** SOURCE DATA **
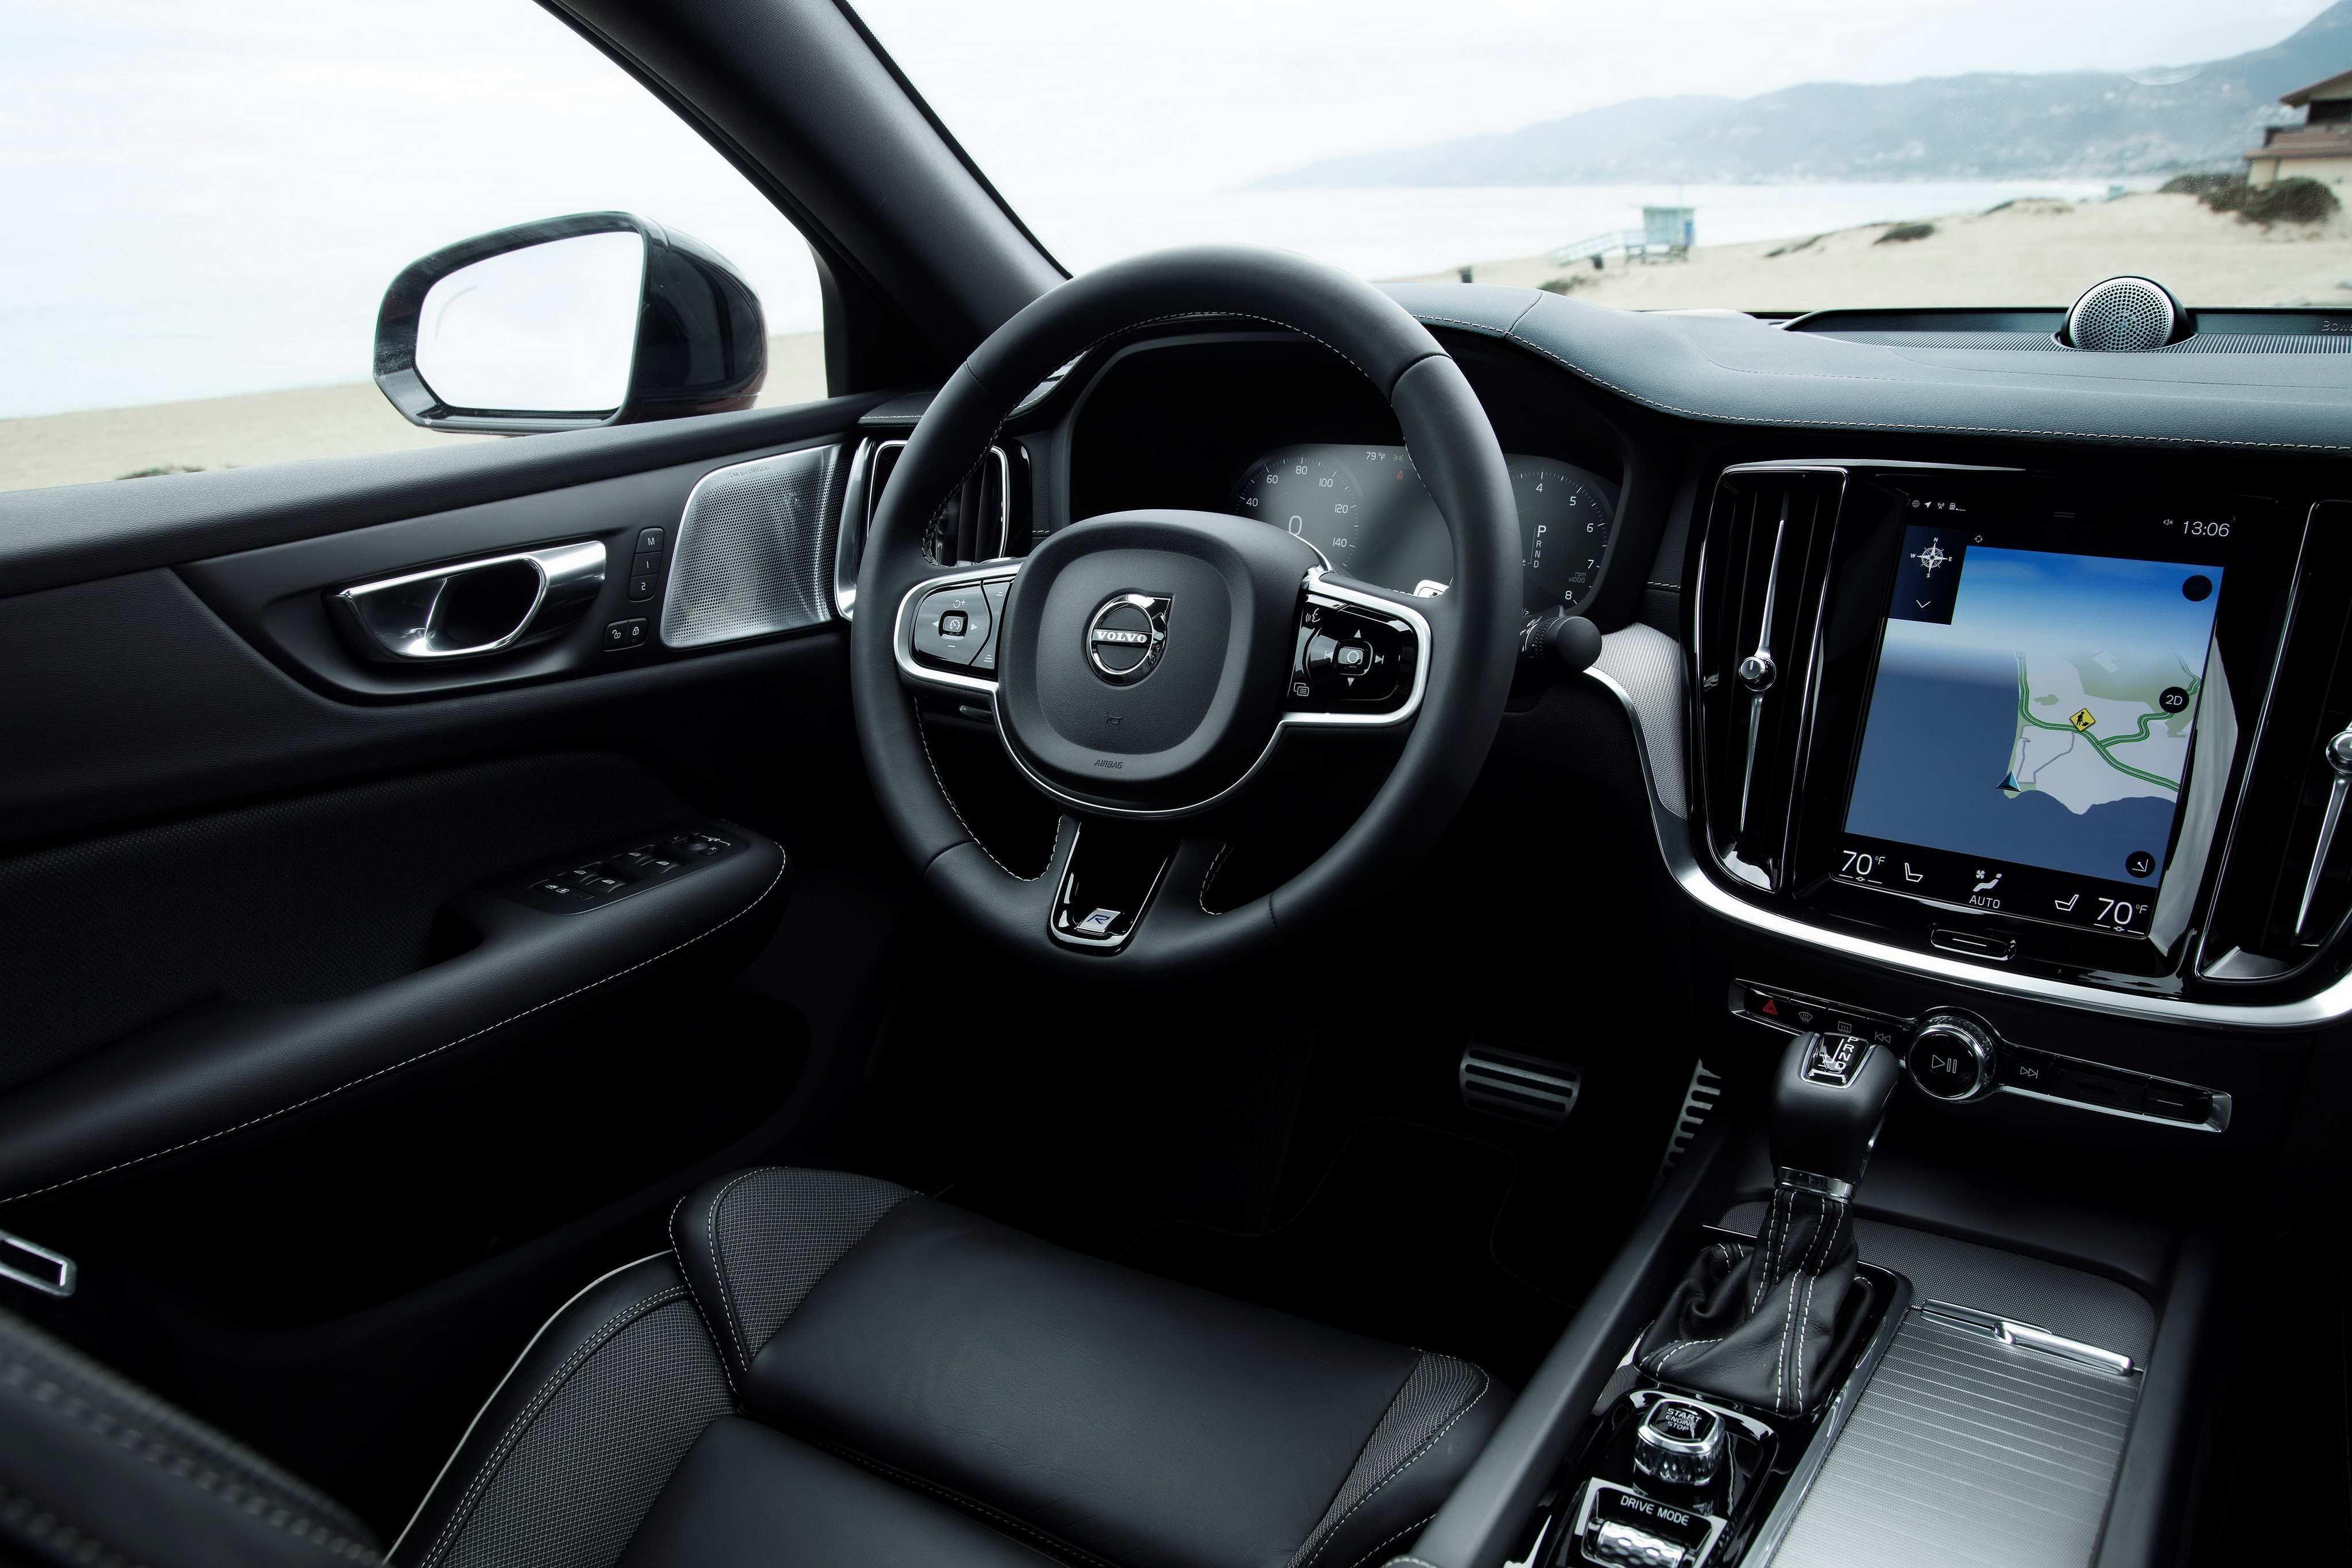 19 New Volvo 2019 Interior Price for Volvo 2019 Interior
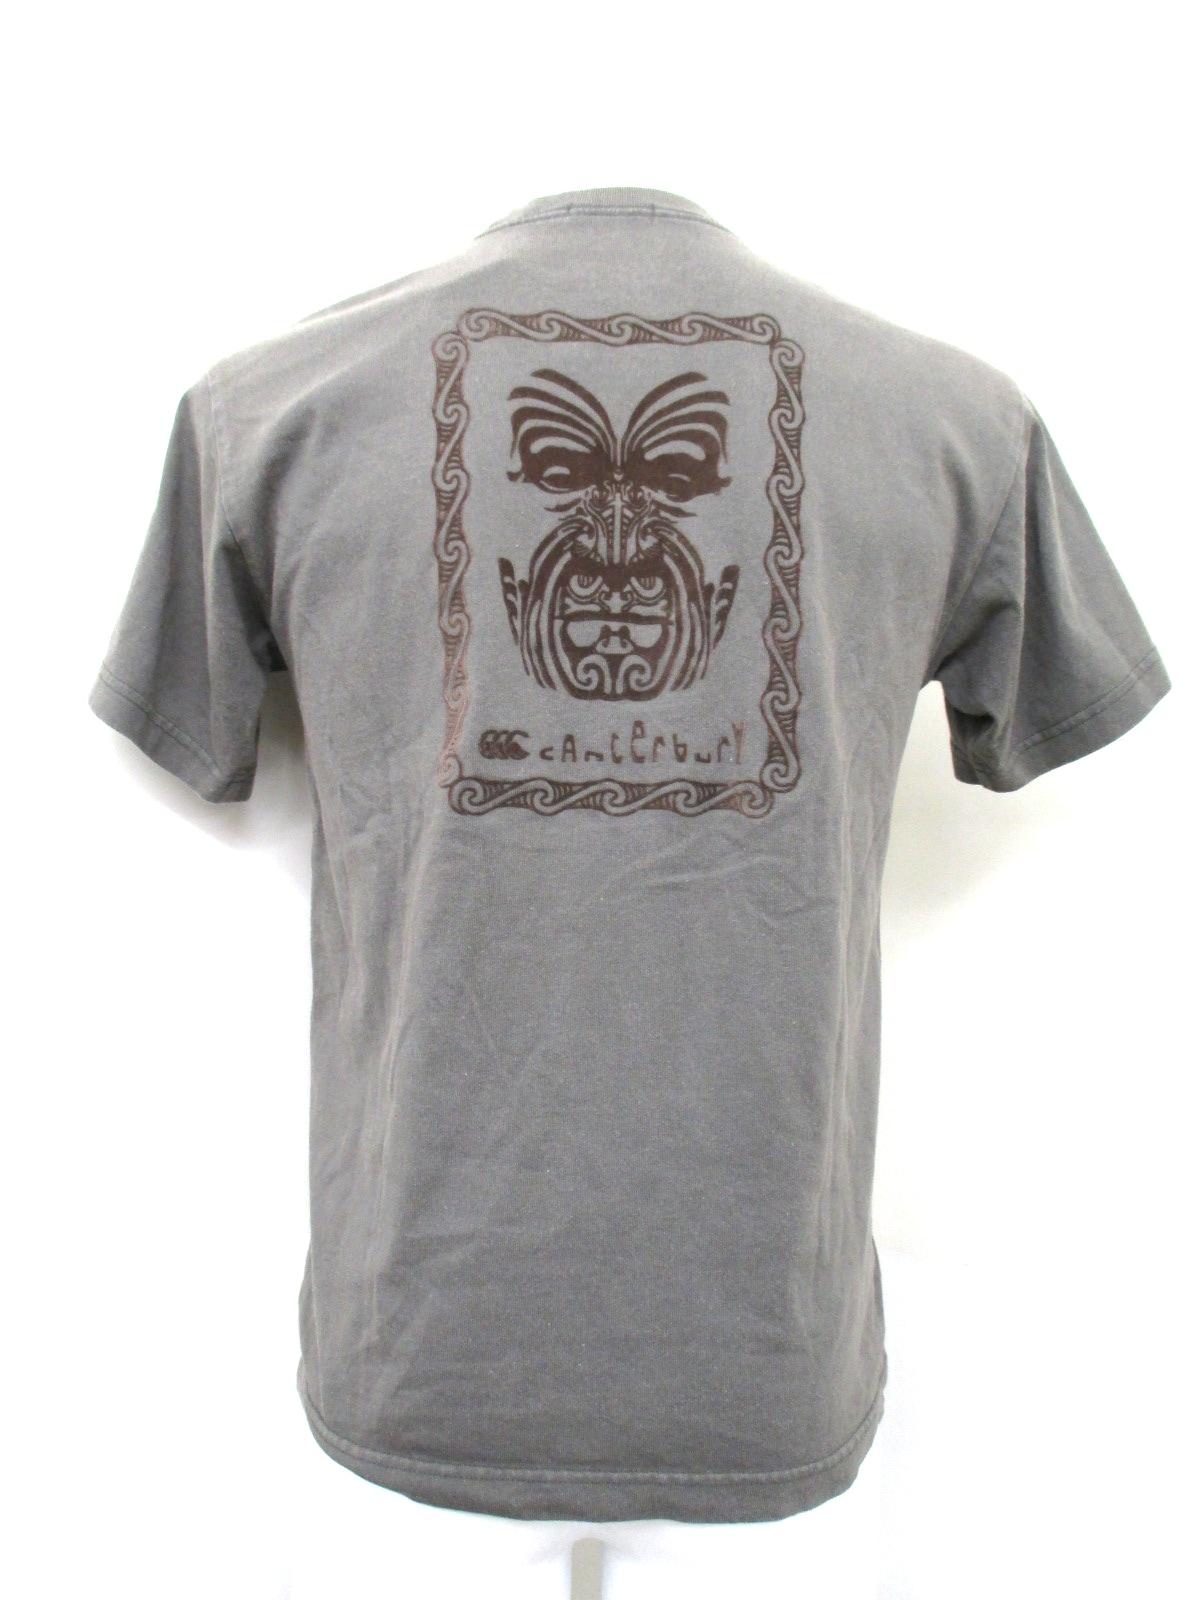 CANTERBURY(カンタベリー)のTシャツ
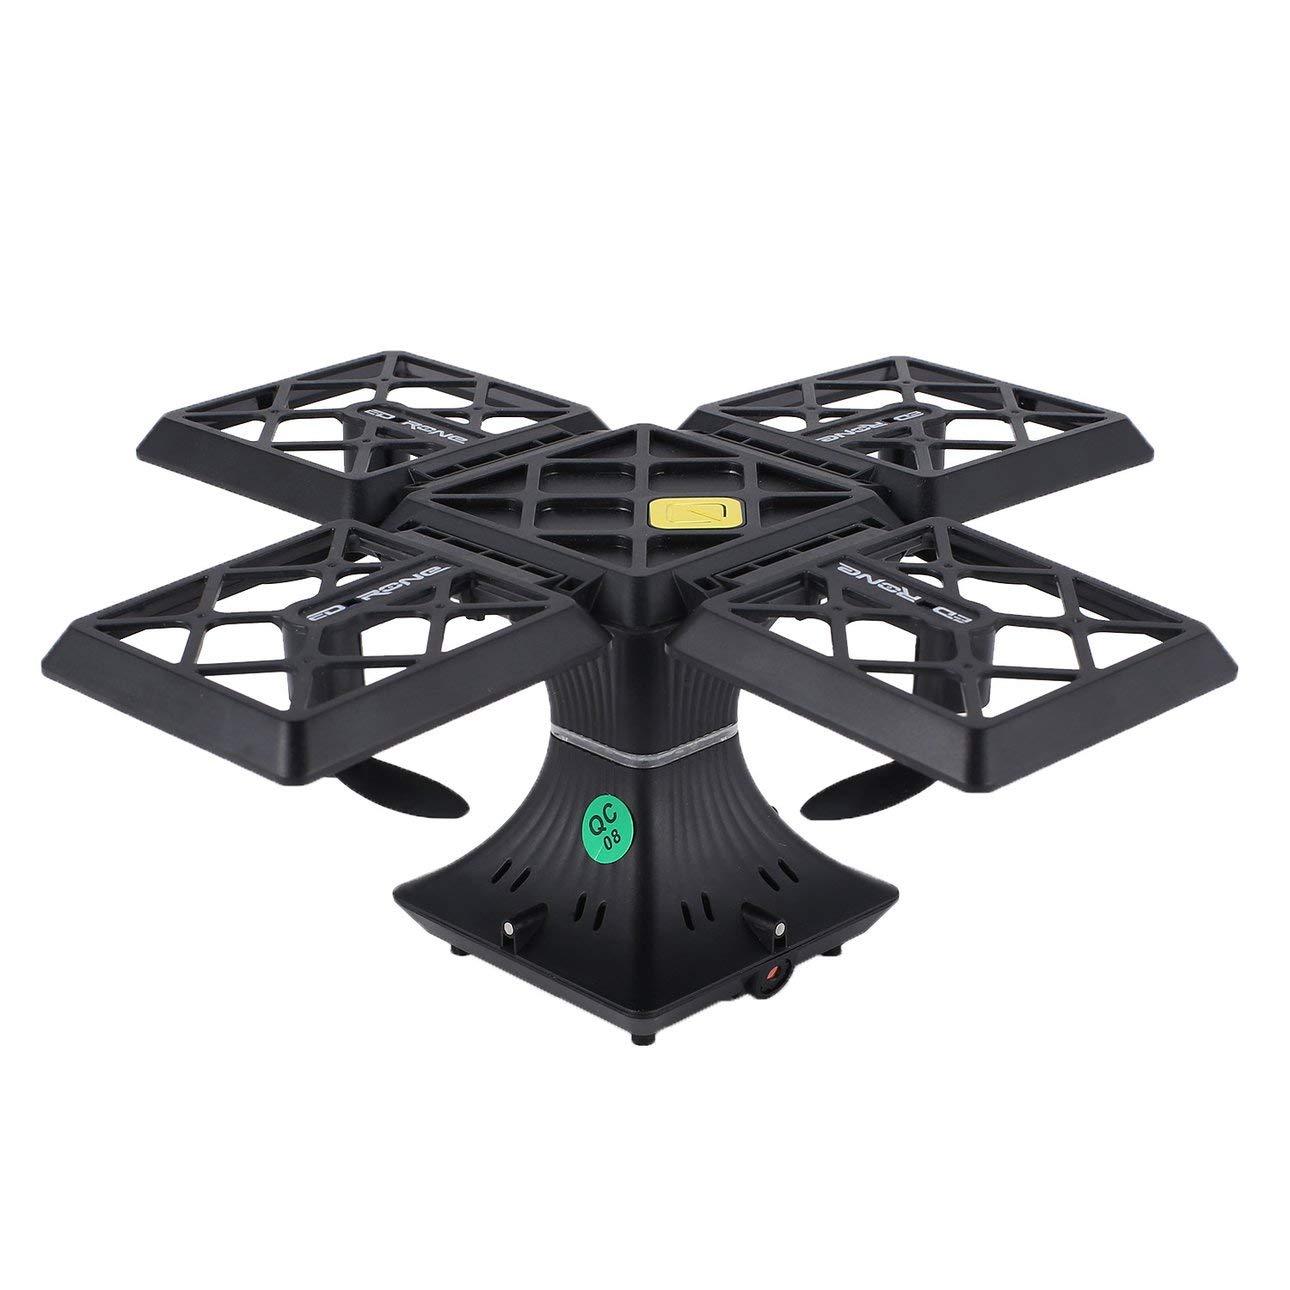 Ballylelly Drone with Camera 414 Selfie FPV Pieghevole Drone Altitude Drone Hold 0.3MP WiFi Fotocamera 3D Flip (Nero)
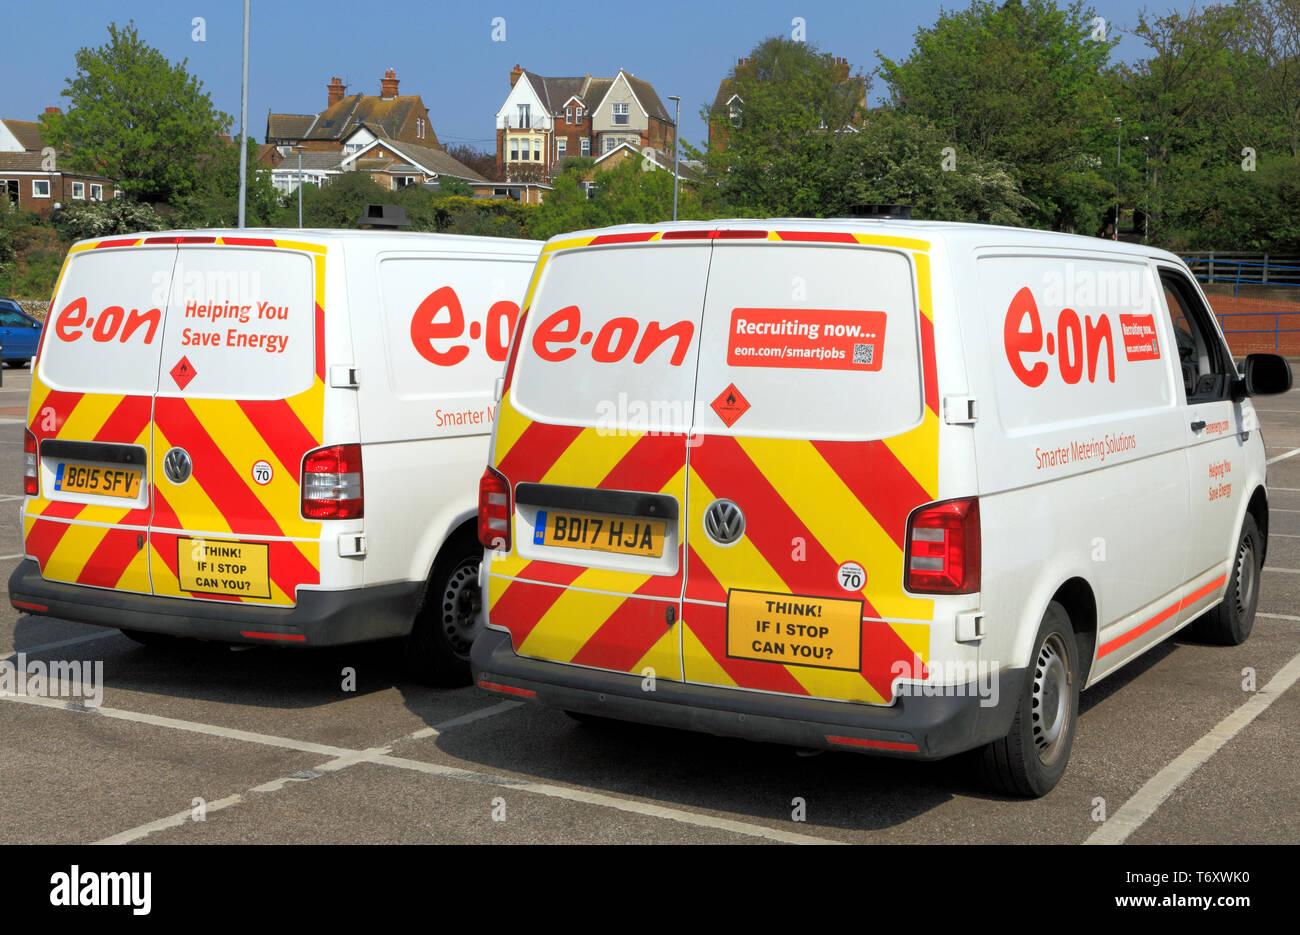 E.on, E.ON. L'électricité, le fournisseur, UK, van, véhicule Photo Stock

** WHAT NEEDS TO BE DONE **
An exact transcript of the listing is needed, free of pictures.

** ANSWER BELOW **
 19 New Volvo 2019 Interior Price for Volvo 2019 Interior
 CANTERBURY(カンタベリー)のTシャツ
 Ballylelly Drone with Camera 414 Selfie FPV Pieghevole Drone Altitude Drone Hold 0.3MP WiFi Fotocamera 3D Flip (Nero)
 E.on, E.ON. L'électricité, le fournisseur, UK, van, véhicule Photo Stock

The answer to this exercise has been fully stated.